Unser Taxi (Bus) brauchte zwar noch ein bisschen, aber letzten Endes kam es doch noch! ;-)
Zu sechst plus Fahrer gings dann nach Stamford (CT) zum Holiday Inn Hotel. Die Fahr dauerte etwa noch mal 1 ½ Stunden, die ich die meiste Zeit mit dem Fahrer quatschend verbracht hab – die meisten der anderen haben schon halb geschlafen. War voll cool eigentlich, denn der war total lustig drauf und so! :-)
Im Hotel angekommen, kamen auch schon zwei Hotelboys (!) und haben unsere Koffer eingesackt und in die Lobby gebracht, während wir zum Meeting Room in der Etage darunter gelotst wurden. Dort saßen noch mehr Mädchen und wir bekamen alle eine kleinen Einweisung, ganz besonders darüber, was die nächsten Tage ablaufen würde!
Danach habe ich nur noch schnell meiner Familie zu Hause und meiner Gastfamilie bescheid gegeben, dass es mir gut geht und alles, denn mittlerweile ist es schon halb 2 nachts gewesen in Deutschland!
Als ich dann später in mein Zimmer kam standen überall Koffer rum und die zwei großen Betten im Zimmer waren schon bezogen – nur noch das kleine Beistellbett stand frei! Im Prinzip bin ich froh, dass ich das Bett in dieser Nacht hatte, denn die Regel ist: Jeder schläft mal auf dem „kleinen“ Bett! So hab ich in der Nacht, in der jeder nur noch schlafen will das Bett gehabt, das am unbequemsten scheint.

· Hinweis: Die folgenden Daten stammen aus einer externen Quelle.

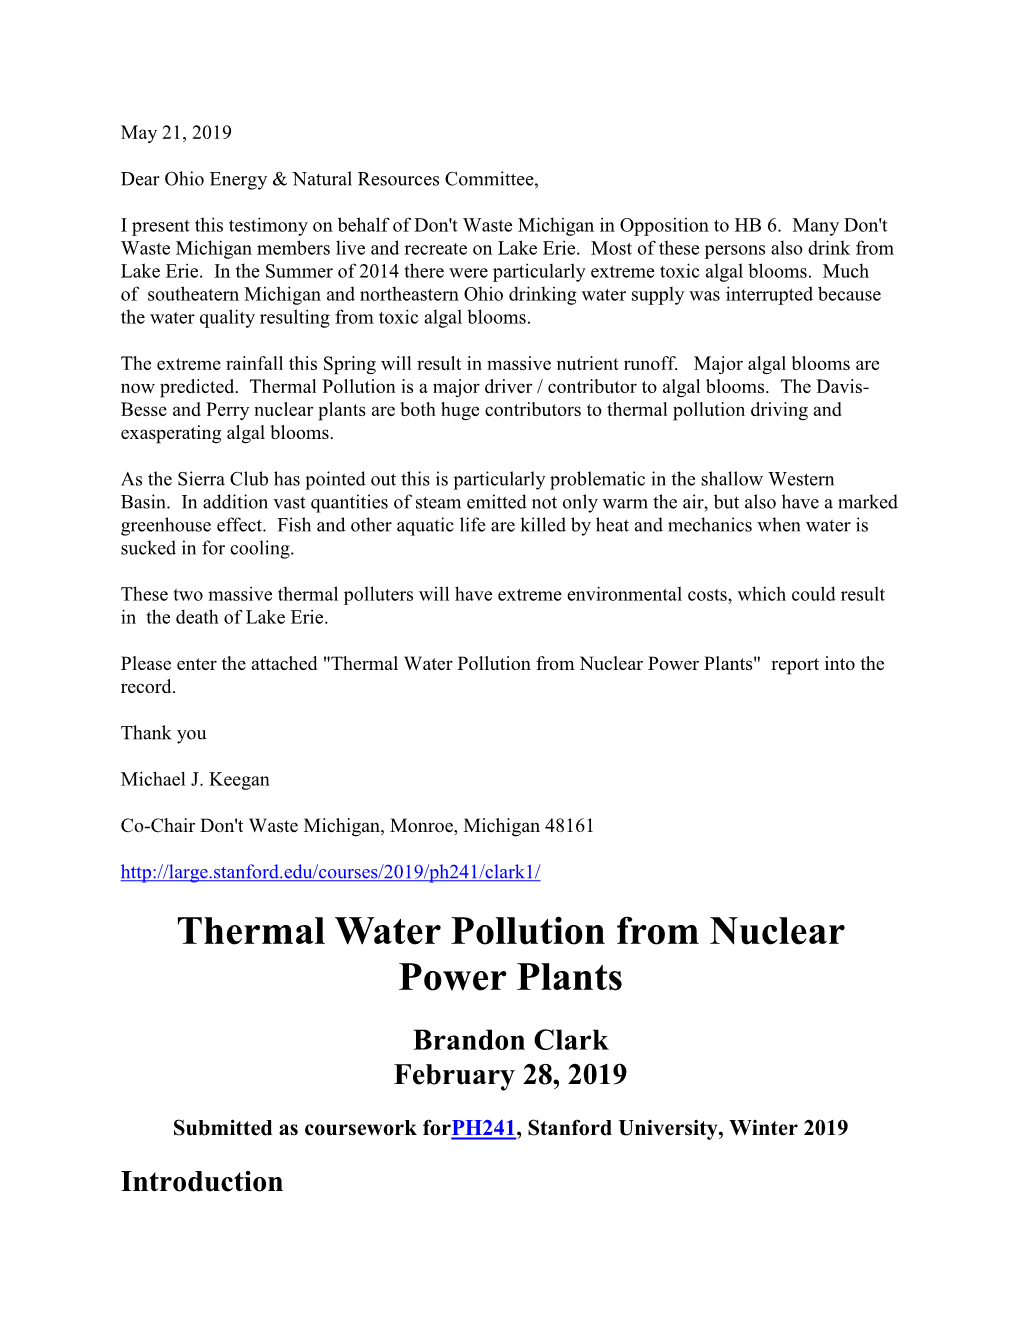 Thermal Water Pollution from Nuclear Power Plants" Report Into the Record
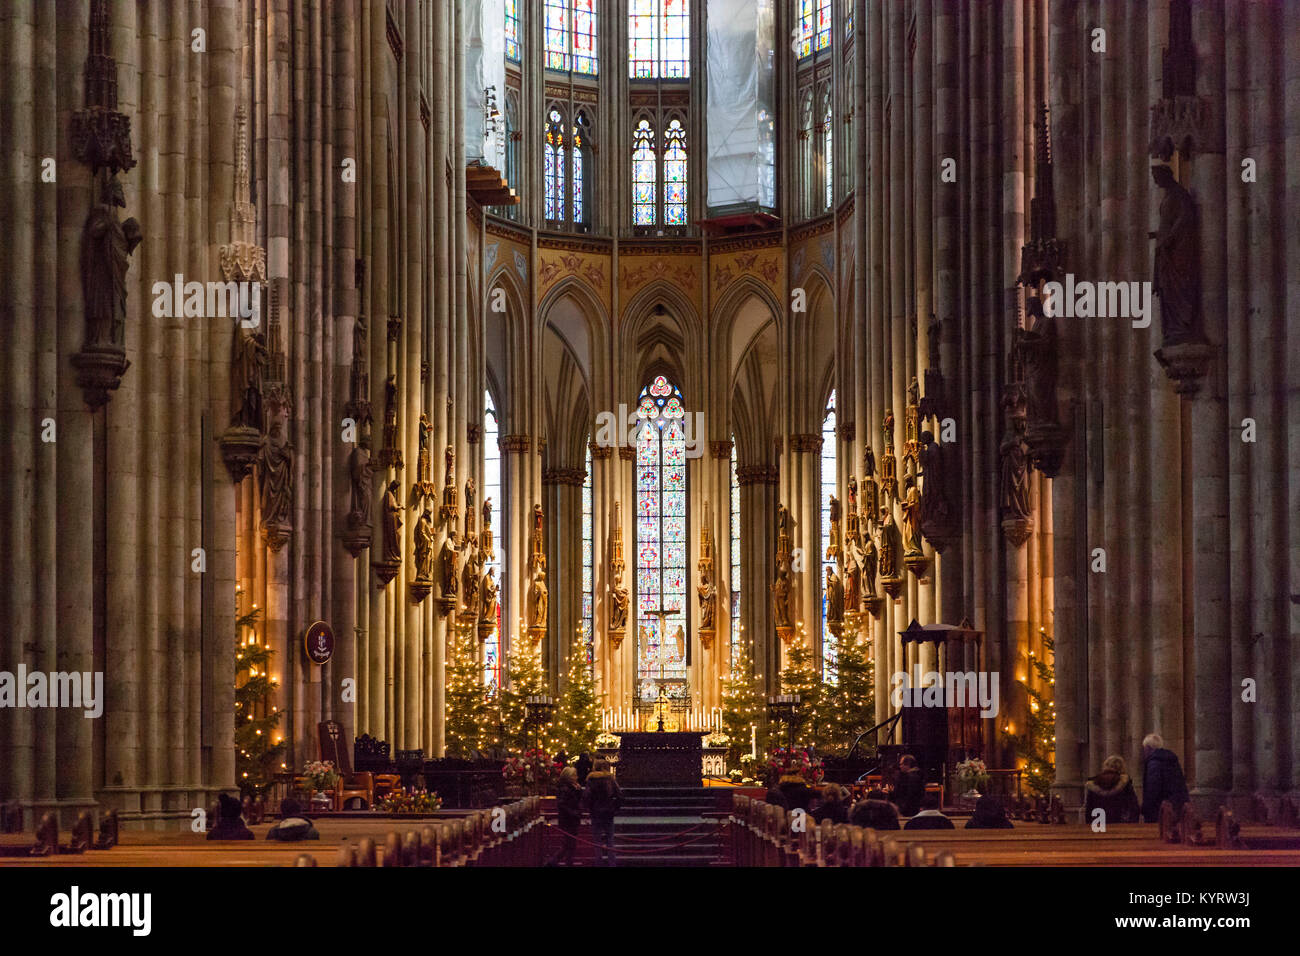 Europe, Germany, Cologne, inside the cathedral, main nave.  Europa, Deutschland, Koeln, im Dom, Langhaus. Stock Photo

Nach einem kleinen Abendbrot habe ich dann auch meine Zimmergenossinnen kennengelernt: Ein Mädchen aus Thailand (deren Namen ich nicht aussprechen kann!) und eins aus Brasilien, die Daniela heißt. Wir verstehen uns eigentlich ganz gut. :-)
Nicht zu vergessen John. – einer der Hotelboys! Er liebt seine Arbeit total, das merkt man voll und der ist auch total cool drauf ;-)
Naja, wie gesagt, es war dann nix mehr los außer schlafen und das ging recht gut in dieser Nacht!